On the plane, there are many business class and even first class passengers, so the rich of Egypt are not only escaping, as some did in the past days, crowding at the VIP terminal in the Cairo airport according to international news.
The rest is expectation, speculation, tense anticipation. When I arrive I will know more.
Of course, I can forget about working on my publications this week. I will do it at another time.
31 January 2011, in Cairo!
I can hardly believe it, and I’m very happy I came here. It is amazing, and much better than I expected. I am so happy that I see something like this in my life.

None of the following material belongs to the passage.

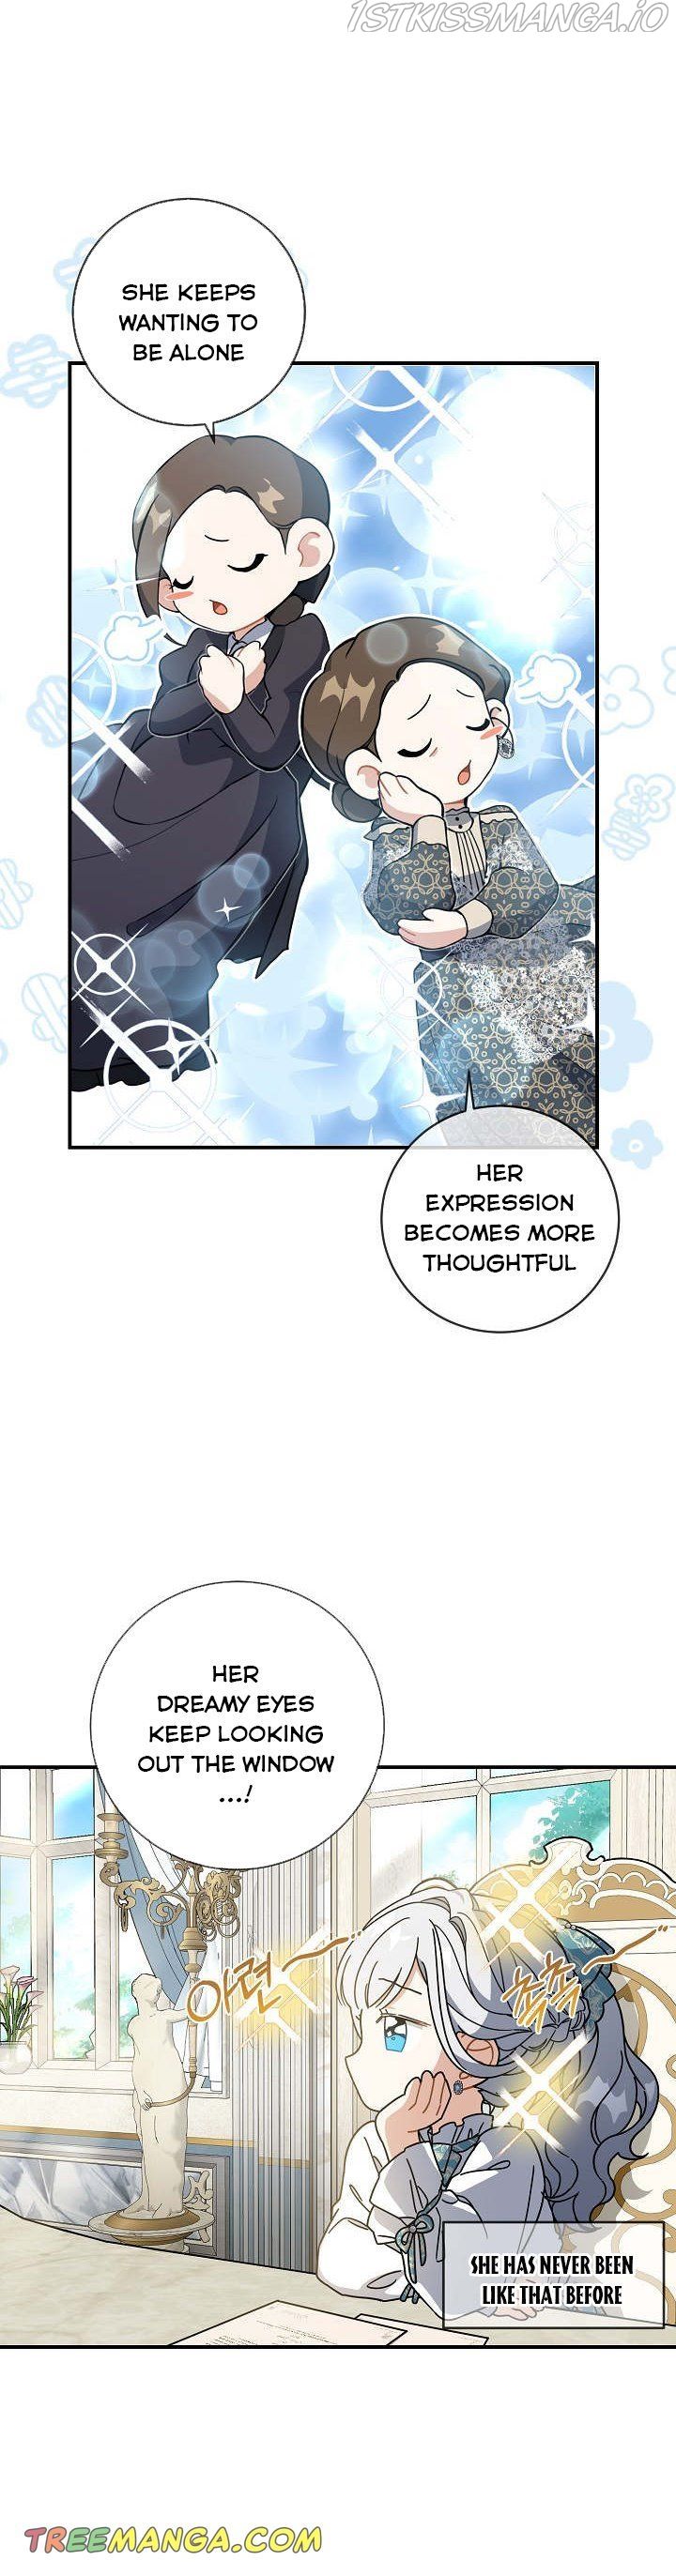 Into the light once again Chapter 51 page 21 - MangaWeebs.in

I took a taxi cab to Cairo together with L., an Egyptian artist living in Germany. She decided to go to Egypt after her brother disappeared in the demonstrations on Friday. Since then her mother has been going through mosques and hospitals looking for him, and her father has been completely broken down. She didn’t speak it out, but it seems likely that he has been killed. She was coming to Egypt partly to participate in the revolution, partly to search her brother. She had not told her parents she was coming in order not to make them worry.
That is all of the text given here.